DOCK STREET ELEVATION: prominent round-headed pilastered doorpiece to centre with mask keystone (Neptune?), Peterhead granite anta with decorative capitals, diaper-work at intrados and spandrels, 2-leaf cast-iron gates with sunburst motif 'fanlight' and lettering 'SAILORS' HOME', decorative consoles supporting parapet incorporating base of canted 1st floor oriel, 3-bay door-to-centre shopfront to left, 2-bay shopfront to right, altered shop door to angle at far right, datestone and cartouche above flanked by griffins supporting window above; tripartite and bipartite windows flanking oriel at 1st floor, tripartite to angle at right, windows to 2nd, 3rd and 4th floors arranged from left to right tripartite, bipartite, bipartite, tripartite; segmental pediment at parapet over relief depicting globe flanked by navigators, coped stacks to left and right rising from parapet; round angle tower with windows and corbelled parapet, leaded dome roof with lantern.
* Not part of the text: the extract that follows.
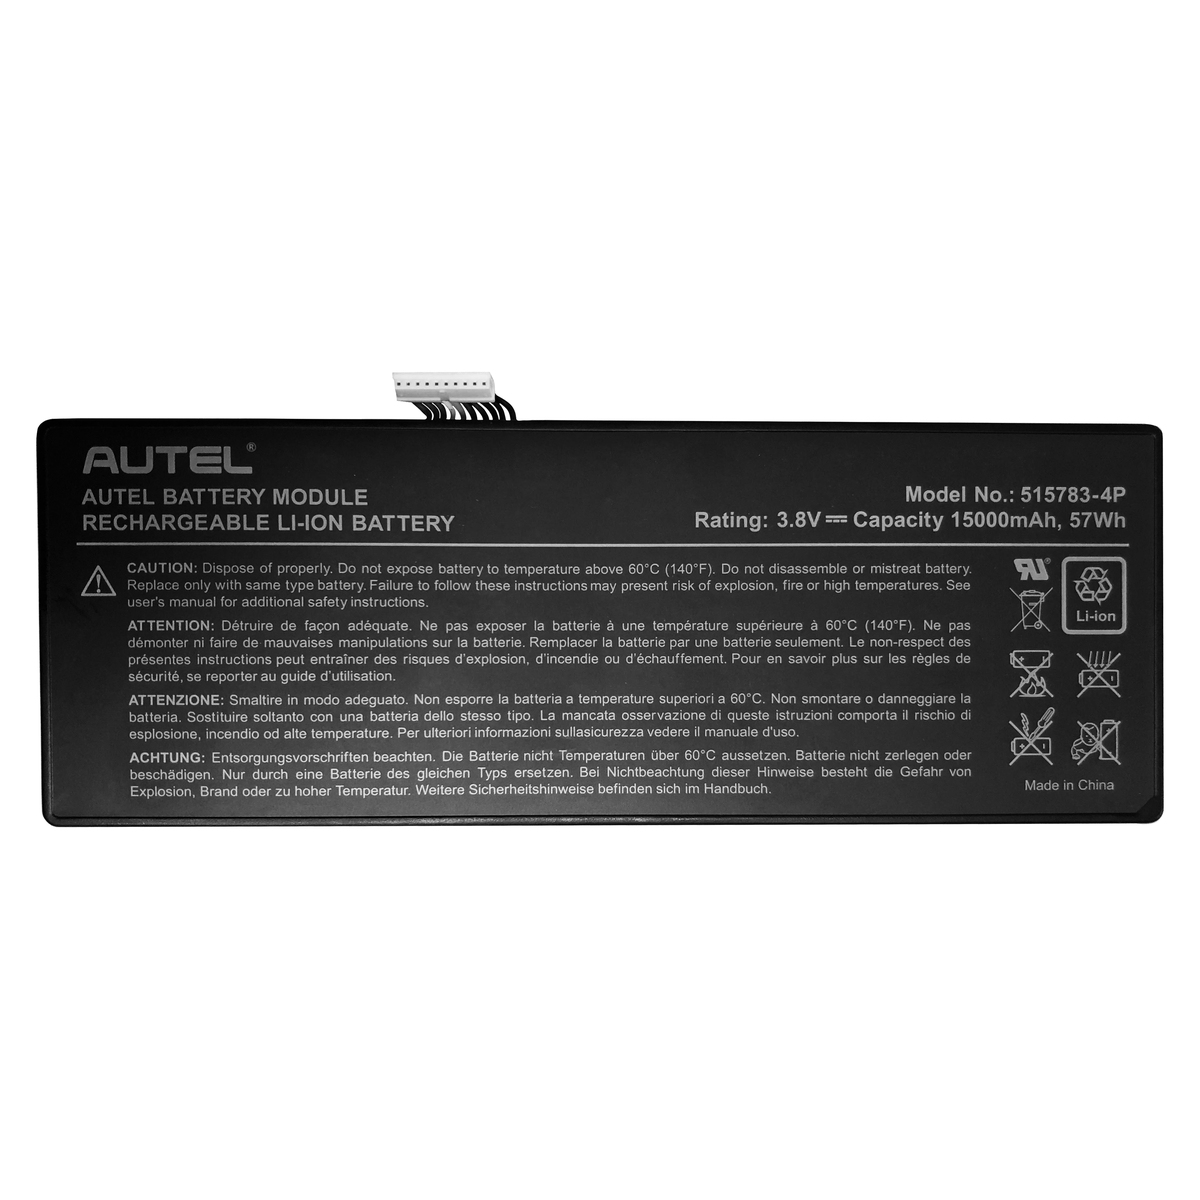 Autel Replacement Battery for IM608Pro

CANDLE LANE ELEVATION: 3-bay shopfront to ground floor left, bipartite to 1st floor flanked by single windows, 4 windows to 2nd, 3rd and 4th floors; 6 bays to right with windows at each floor similar to those at Dock Street elevation.

Chapel to far right: 3-bay gable, stugged sandstone ashlar, grey slate roof. Door to centre with round-headed overdoor inscribed 'SEAMEN'S CHAPEL', paired round-headed panels to left and right, large tripartite round-headed gallery window above, ashlar-coped skews with anchor relief at apex; right return elevation, blank rubble with red brick raised wallhead pertaining to later, now demolished building.

INTERIOR: Home; largely unaltered, scale and platt staircase with decorative cast-iron panel balusters and Jacobean style newel posts, round-headed niches at landings, some decorative plaster cornices. Chapel; derelict, but panelled gallery remains.

Statement of Interest

The names Nelson, Cook, Blake, Wood, Duncan, Dibdin and Napier appear at the wallhead frieze. The building cost about ?12,000 and is a significant part of Dundee's maritime history, reflecting concern for the social and moral welfare of sailors. The cast-iron sunburst motif is perhaps modelled on that in the famous Sailors' Home in Liverpool (demolished). A Tariff card of the 1920s states that use by sailors waned after the 1st World War, and that accommodation was now also provided for 'Commercial Travellers, Chauffeurs, Transport Drivers, Soldiers, Cyclists and Holiday-makers'. There were 34 single and 11 twin bedded rooms, 8 bathrooms, hot and cold water and electric light. It is now (1994) used as a hostel; the chapel is in a dilapidated condition.